Directions for this task:
Output the listing word for word, minus pictures.

Input data:
....
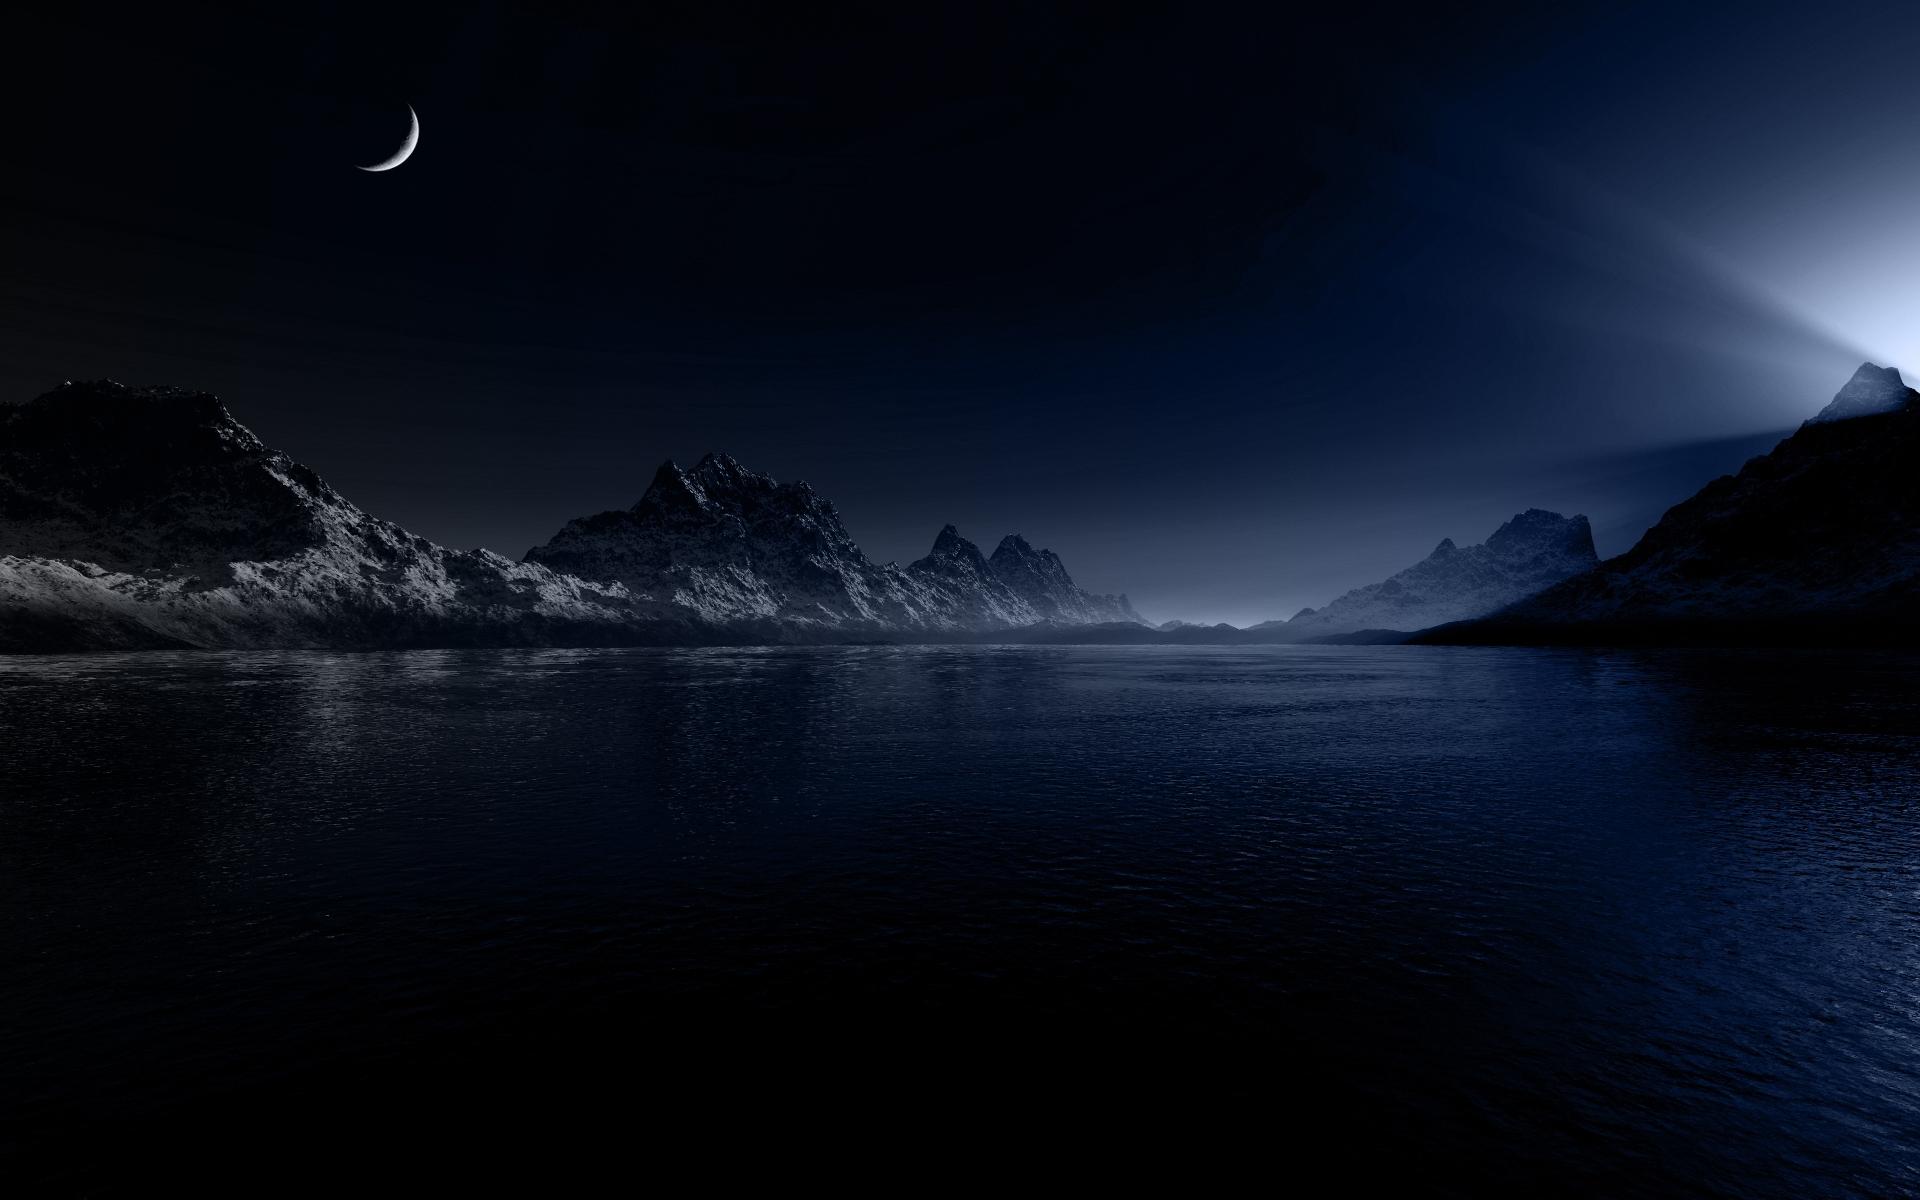 nightfall 37437
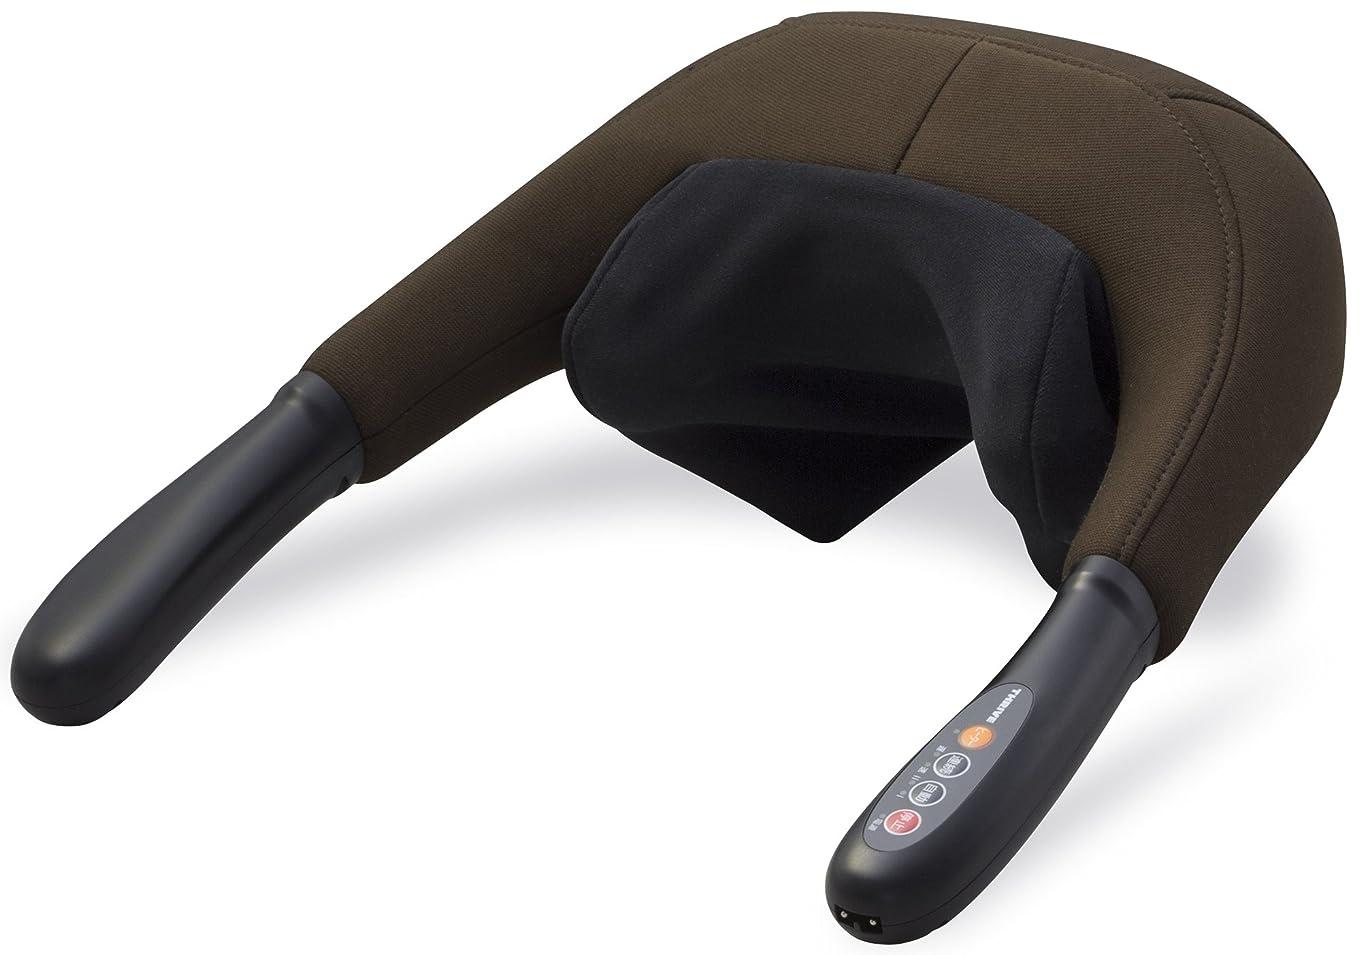 輪郭フィクションせがむスライヴ つかみもみマッサージャー(ヒーター機能搭載) ブラウン 「通販限定モデル」 MD-415(BR)
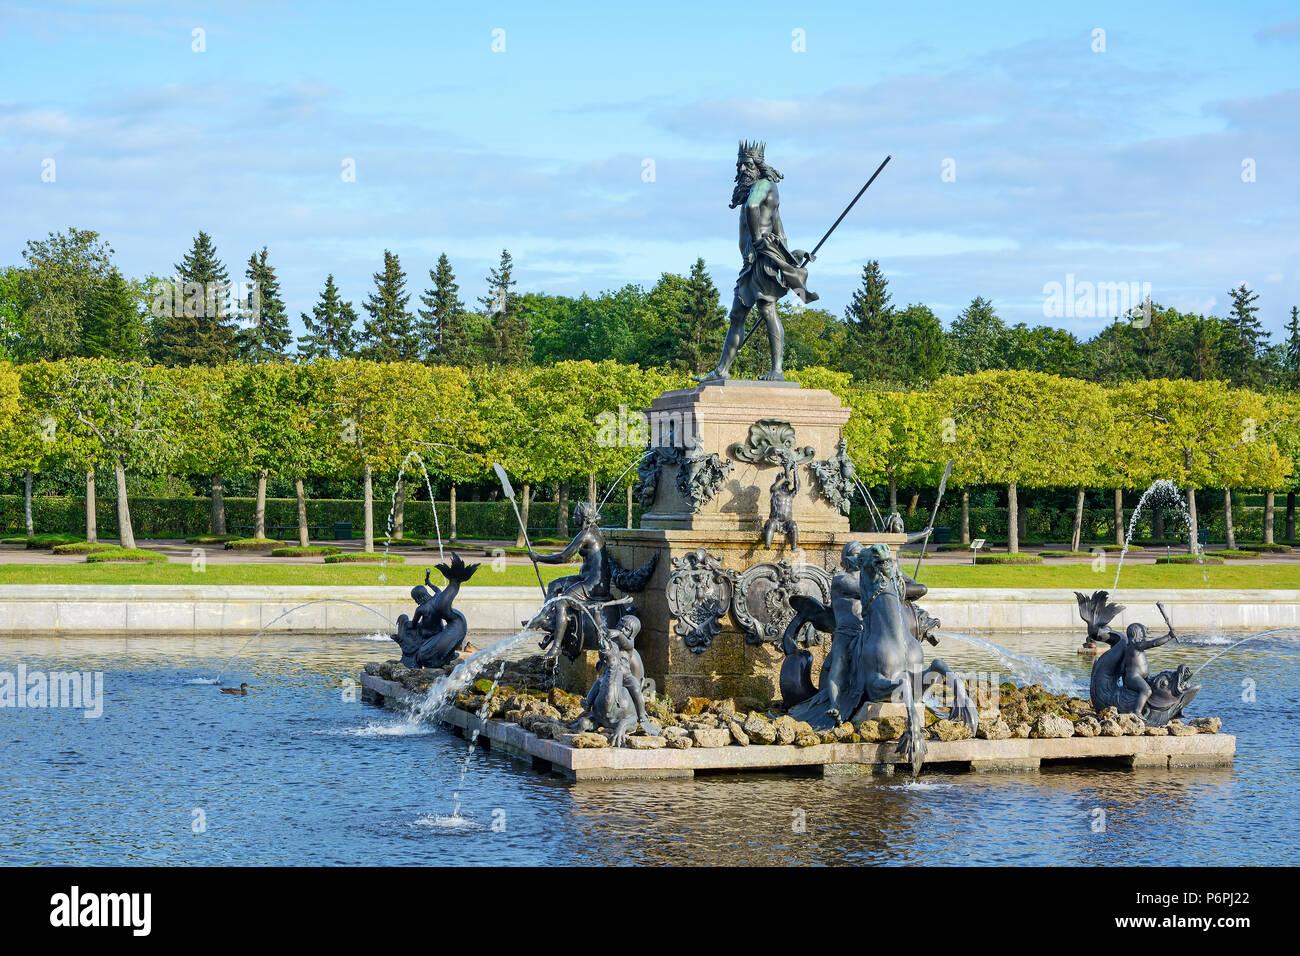 Bassin Fontaine De Jardin peterhof, bassin avec fontaine de neptune dans le jardin
....
Final answer:
 nightfall 37437
 輪郭フィクションせがむスライヴ つかみもみマッサージャー(ヒーター機能搭載) ブラウン 「通販限定モデル」 MD-415(BR)
 Bassin Fontaine De Jardin peterhof, bassin avec fontaine de neptune dans le jardin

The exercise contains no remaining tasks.